Abstract
The development of an origin–destination (OD) demand matrix is crucial for transit planning. With the help of automated data, it is possible to estimate a stop-level OD matrix. We propose a novel method for estimating transit route OD matrix using automatic passenger count (APC) data. The method uses
To understand the travel patterns of passengers, transit agencies require an origin–destination (OD) flow matrix of the passengers. This is a fundamental element of interest that helps in designing new routes and schedules, understanding and forecasting demand on the transit network, adjusting marketing strategy, and so forth. The transit OD flow matrix is the quantification of the flow of passengers from one transit stop to another.

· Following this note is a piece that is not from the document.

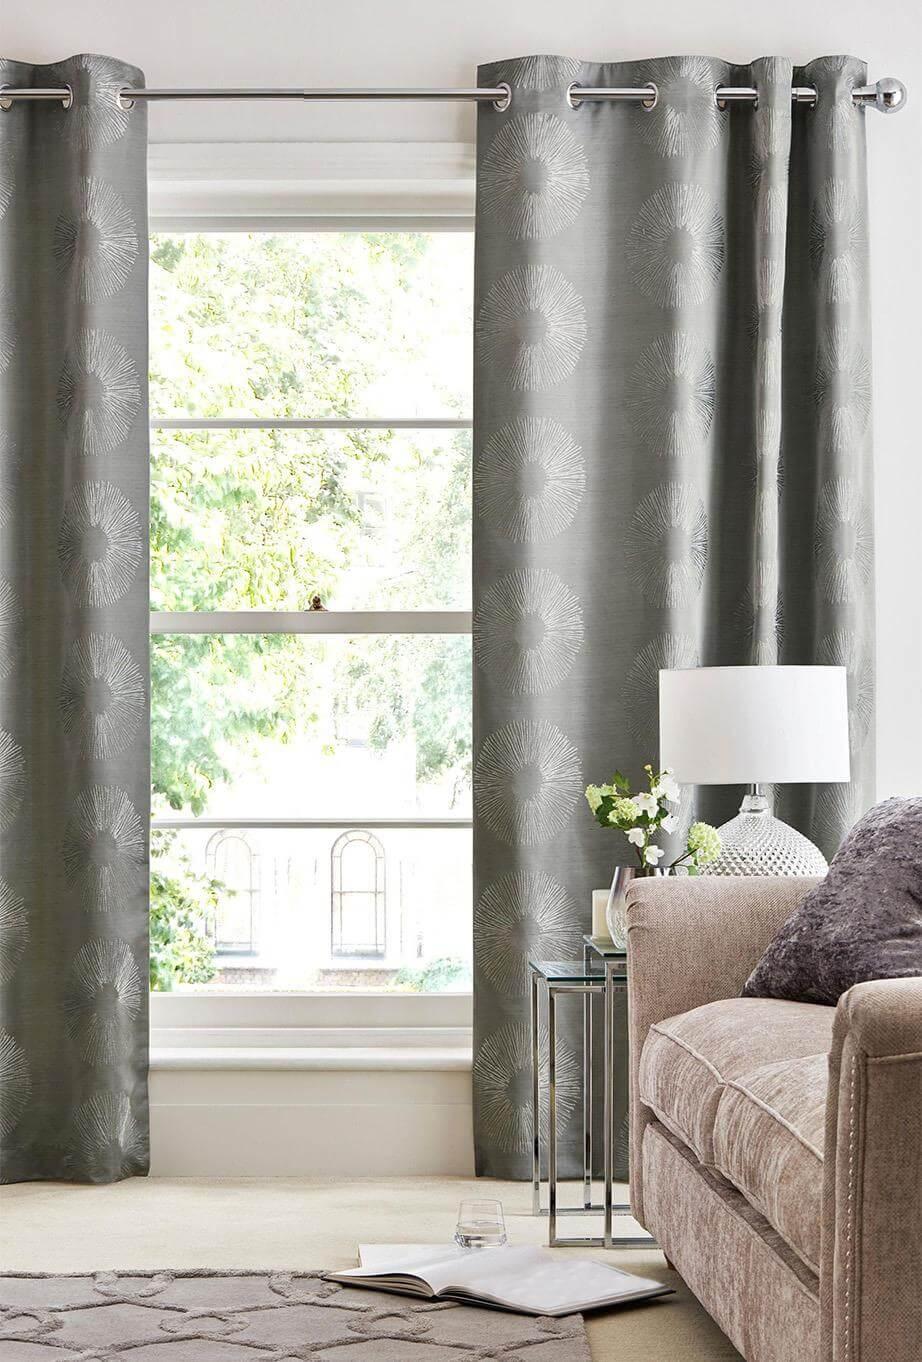 10 Лесни начина да повишите стойността на своя имот - нови завеси

To evaluate such a matrix, the agencies conduct on-board surveys, which collect data about passenger boarding and alighting stops, the purpose of travel, and so on. These surveys are expensive to conduct and cover only a small sample of passengers ( 1 ). However, with recent advances in automated data collection systems (ADCS), it is possible to mine the full OD matrix. Automated data, such as automatic fare collection (AFC) and automatic passenger count (APC) data, are a rich source of information on passenger travel over a continuous period, making it possible to estimate OD matrices more frequently.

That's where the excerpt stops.